Other initiatives to support communication within the group and grow the speaking and writing skills of staff include weekly staff meetings, especially with respect to discussing in an open manner any guest or property issues; a corporate newsletter; monthly associate celebrations, another excellent time for staff recognition; and the organization's web site and password protected Internet portal, which allows staff to review corporate policy, complete training updates or access human resources functions.
One last tip: many of us still believe in the intimacy of a hand-written note. A great example is having executives from the home office send a hand-written note (Snail mail, anyone!) with personalized comments to a property manager after a visit. Such gestures will be long treasured.

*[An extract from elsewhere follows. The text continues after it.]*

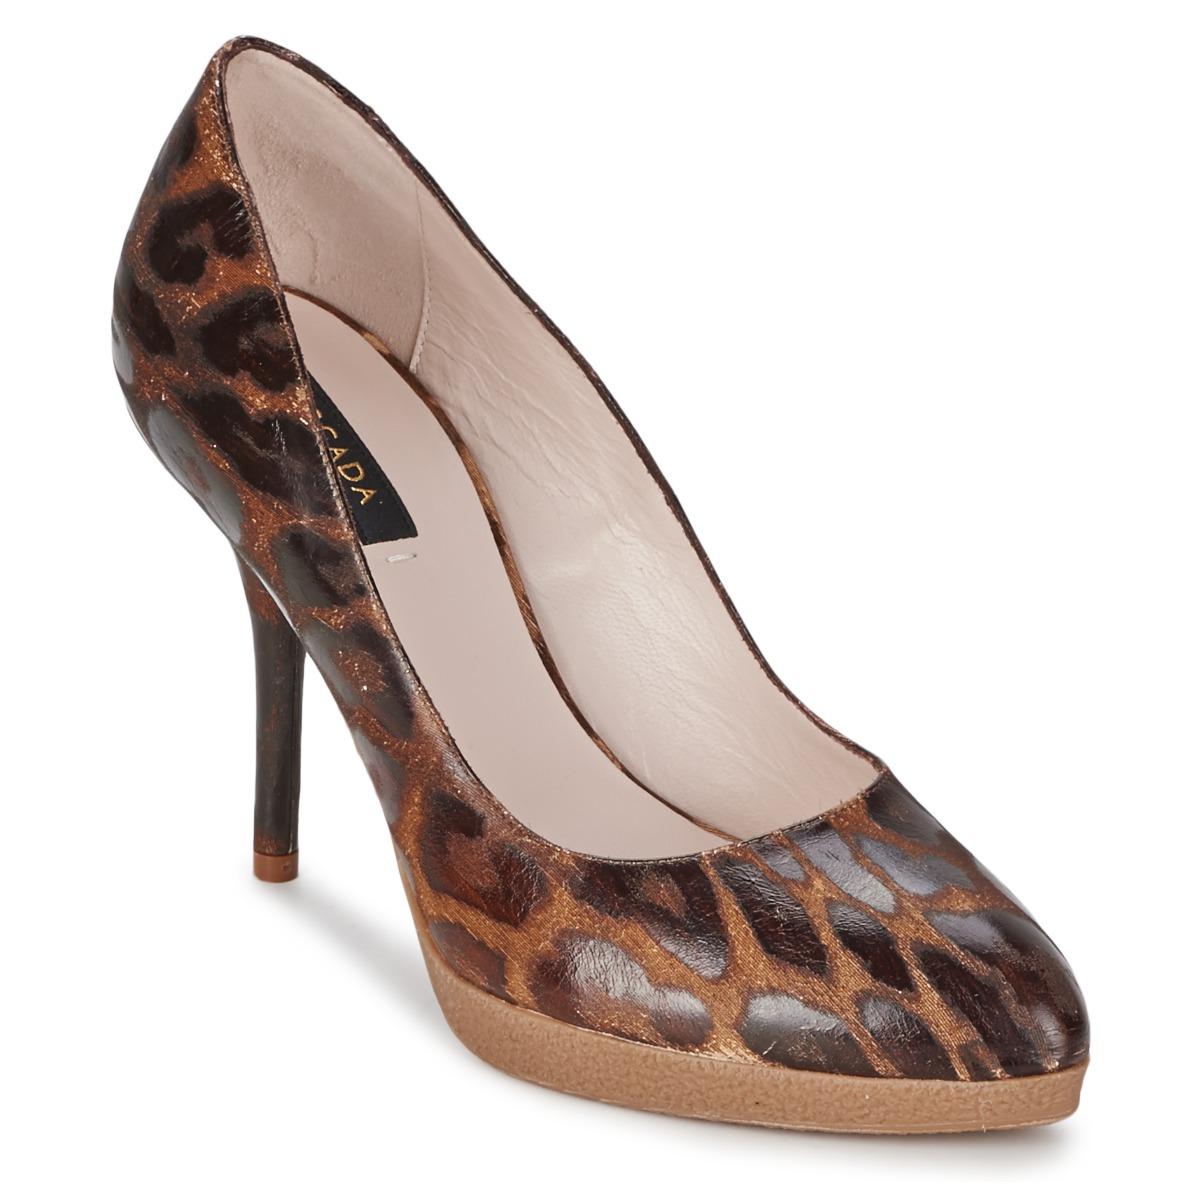 Escada AS701 Braun / Leopard - Kostenloser Versand bei Spartoode ! - Schuhe Pumps Damen 192,00 €
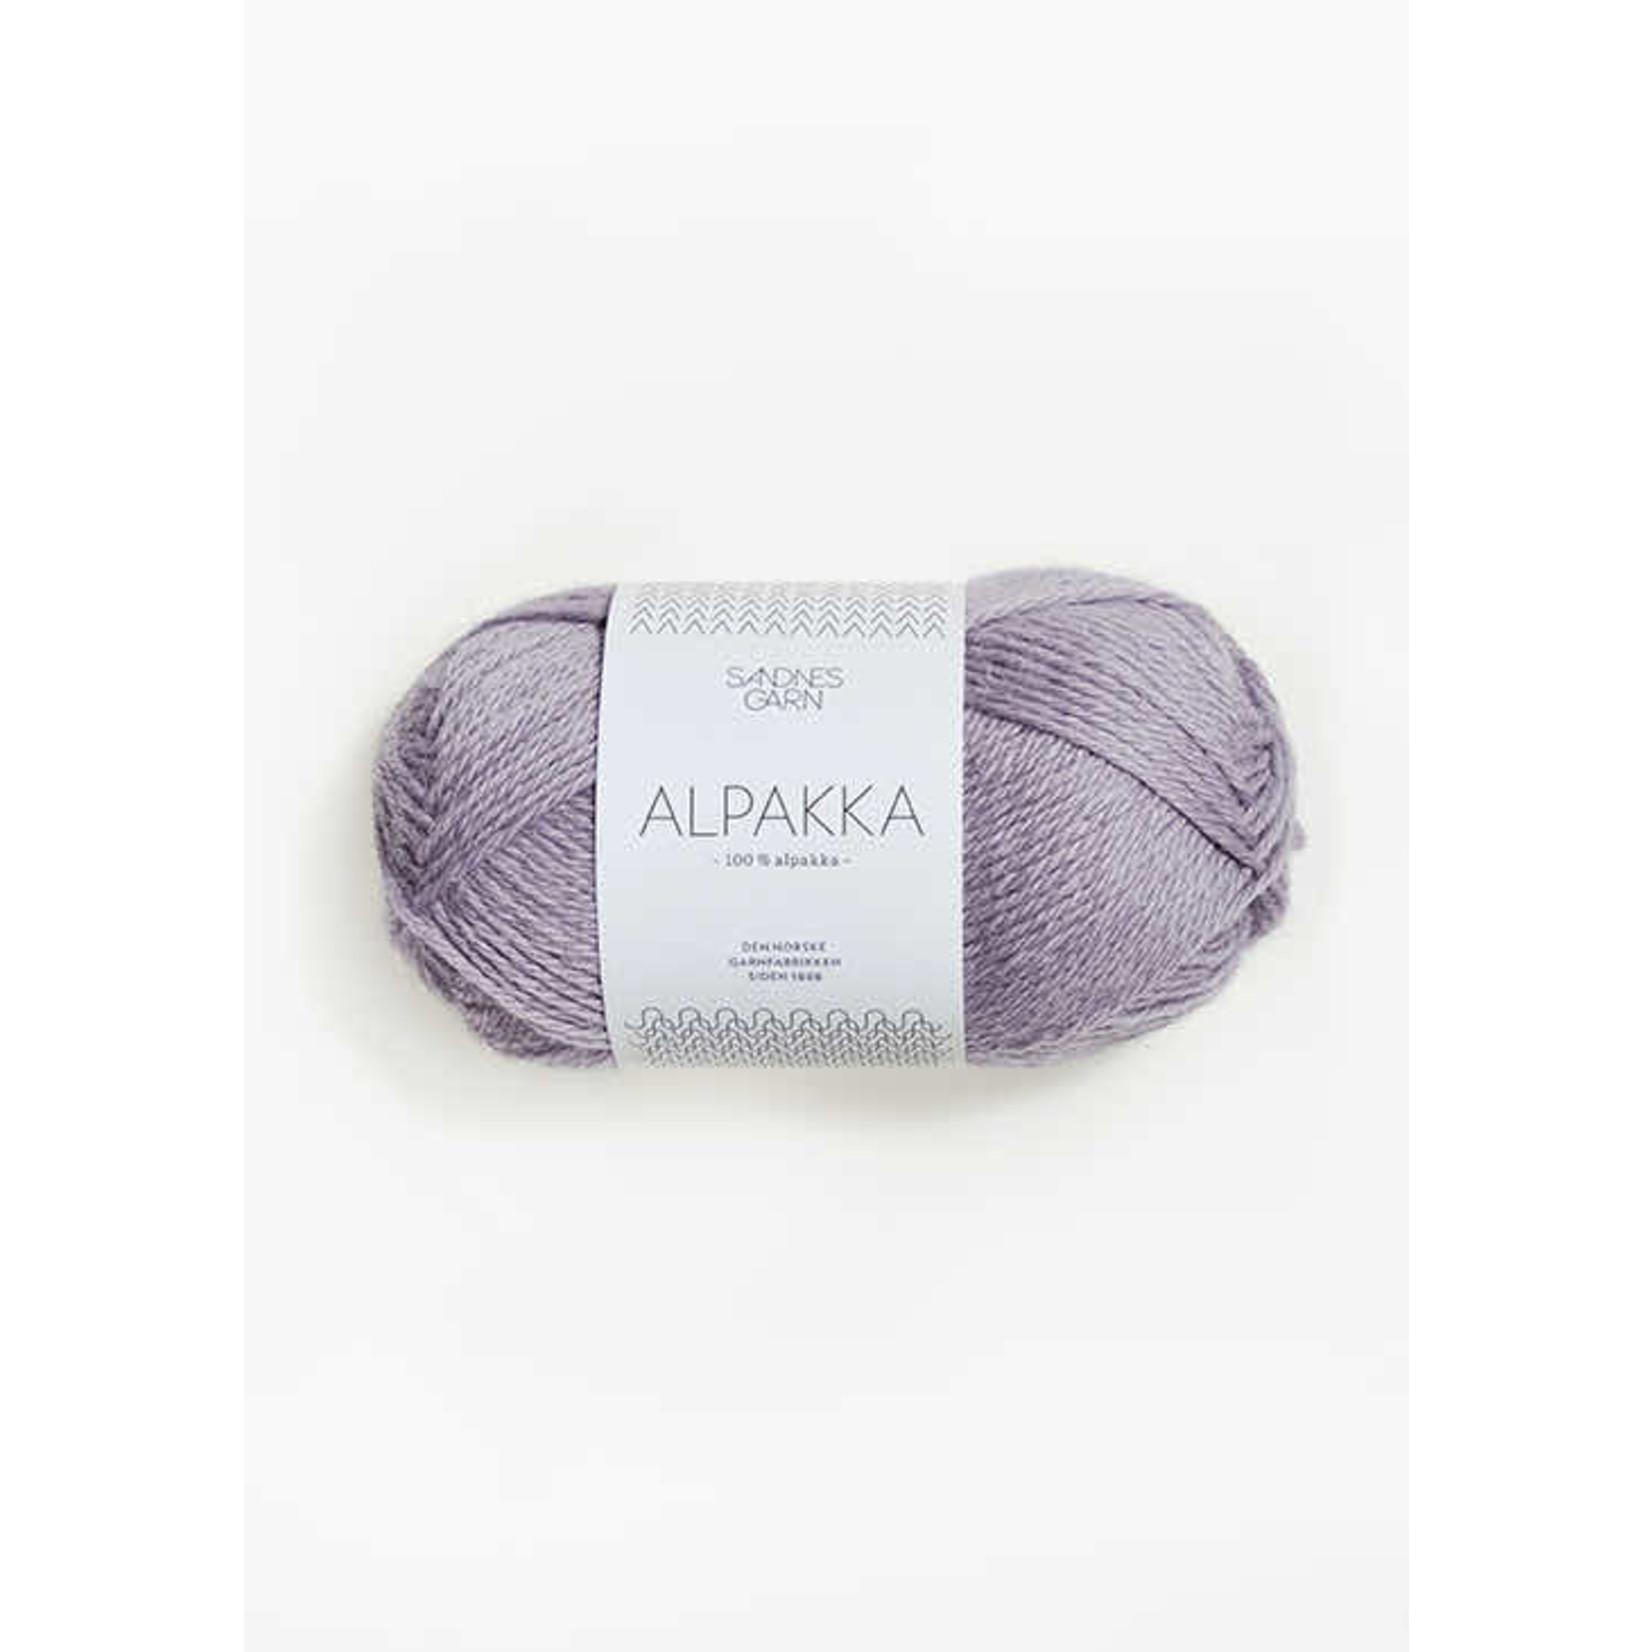 Sandnes Garn Alpakka, 4631, Dusty Lilac

Focus on Getting Closer to Guests
Let's face it, in today's technology-driven world, in addition to brand and individual property guest surveys, the customer can offer immediate feedback on her or his experience at our hotels. More importantly, the feedback is available to everyone. In the past, our guests may have written a letter, completed a written guest survey or made a telephone call to share their comments. Now, everyone with access to the Internet can be made aware of such feedback on multiple travel or social media web sites. The potential audience is in the thousands, sometimes millions. Rate, comment and subscribe.
We welcome feedback, but how can we "answer back" in a way that fosters rapport?
Some useful approaches include taking advantage of the help most of the brands now give us through regularly updated summaries of guest satisfaction surveys, as well as comments on social media sites like Trip Advisor, Twitter or Facebook. We can review comments and respond accordingly, doing our best to patch up, as needed, any unsatisfactory experience reported by a customer.
Another valuable approach is to chat up guests. Some hotels might make a quick call to a guest after check-in to make sure that everything is going well. Others call the guest the night before they check out. Of course, the newest trend is to text guests before they even arrive on property, thanking them for choosing our hotel and asking if they have any special requests. Breakfast is also a great time to interact with guests. Staff from other departments can help assigned breakfast staff to clean tables or pour coffee, as we get closer to our guests. Open-ended questions like "Are you enjoying your stay," or "If we could add one thing at the hotel, what would it be?" are great conversation starters.
Our Ultimate Communication Goal: Building Bridges
As organizations grow, the lines of connection between each other, our brand partners, our investors, our vendors and service people, our host communities and our guests can become stretched, maybe frayed. Strong and secure communications reinforce our purpose, which is to help all of us to be successful, personally, professionally and financially.
Within the organization, building bridges certainly begins, as suggested earlier, with stronger communication. By talking more frequently, we help create and sustain a culture of trust, breaking down any walls of misunderstanding or suspicion.
Great leaders are great communicators. So must be those who follow them and translate the organization's mission statement - and business plan - into real world action.